In his *Treatise on Algebra, *Khayyam set out to deal systematically with solving fourteen types of cubic equations using constructions and justification based on intersecting conic sections (Rashid and Vahabzadeh). The demonstration in this article illustrates his approach in one case of the cubic, the one we wrote as equation (0.16), \(x^3 + ax^2 + bx = c,\) with \(a, b, c > 0,\) in our list in the section, Omar Khayyam and Cubic Equations. Demonstrations of Khayyam’s solution methods for the cubic in equation (0.8), \(x^3 + ax = b,\) where \(a, b > 0,\) are available at GeoGebraTube via the following links:

http://tube.geogebra.org/material/show/id/3809

http://tube.geogebra.org/material/show/id/39531

http://tube.geogebra.org/material/show/id/110220

http://tube.geogebra.org/material/show/id/6371

Like the applets here, these all provide examples of how technology can facilitate student engagement with substantial questions about the history of mathematics.

The use of GeoGebra software reduces the difficulty of interpreting Khayyam's static diagram, and of dissecting the dependencies inherent in the construction to see how the technique can apply to every cubic of this form. Reflecting Khayyam's construction and superimposing a Cartesian graph of the cubic also provides a useful connection between his unfamiliar approach to solving a cubic and the more familiar process of locating a root on a graph. Tools like these GeoGebra applets frame historical results in a language accessible to students so they can first understand the result – but this is not the end of the story. The twenty-first century software provides scaffolding for deeper exploration of historiographical questions.

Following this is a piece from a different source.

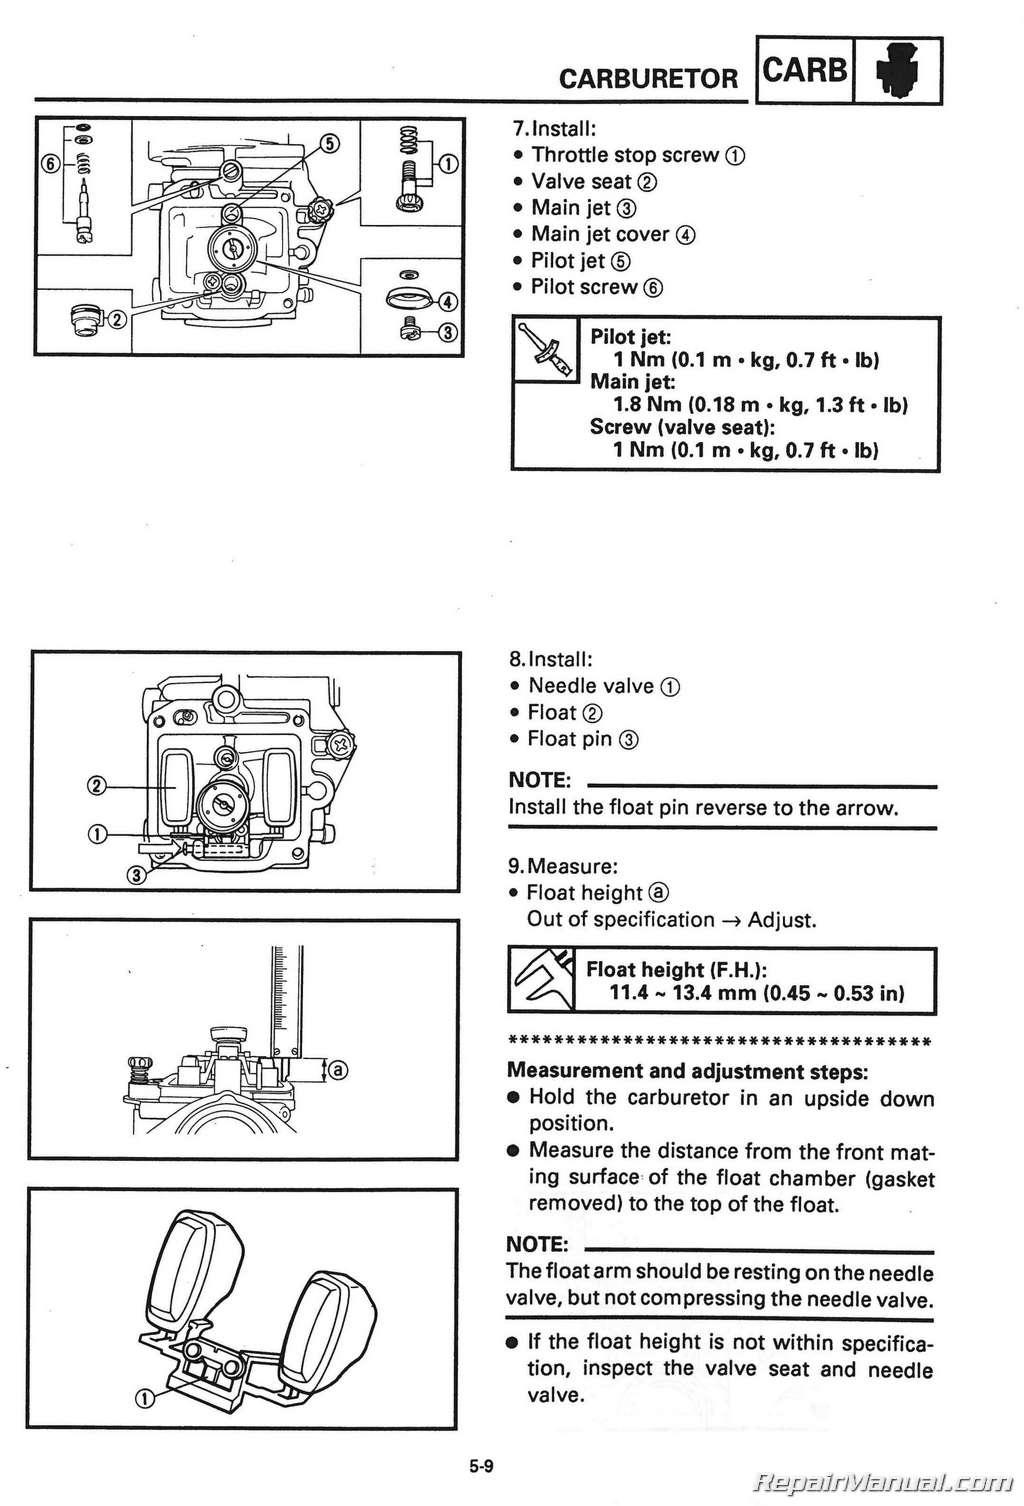 1999 Yamaha Big Bear 350 Wiring Diagram - Roslonek.net

In a mathematical context where powers of \(x\) literally corresponded to geometrical dimensions, solving cubic equations represented the height of mathematical achievement. But what did Khayyam achieve? Given the above observation, is it accurate to say that Khayyam did in fact, solve the complete cubic problem? Or did Cardano do something unimagined by Khayyam? In what ways are or are not these techniques addressing similar questions? Questions like these invite students to delve into issues of mathematical and historical context. What does it mean to attain a mathematical result? Investigating solutions to cubic equations that do not persist as the first general solution gives rise to explorations of innovation and novelty. These GeoGebra representations may provide students with an understanding of Khayyam's marvelous construction that is adequate to engage these and other questions, facilitating fruitful discussion in an history of mathematics classroom.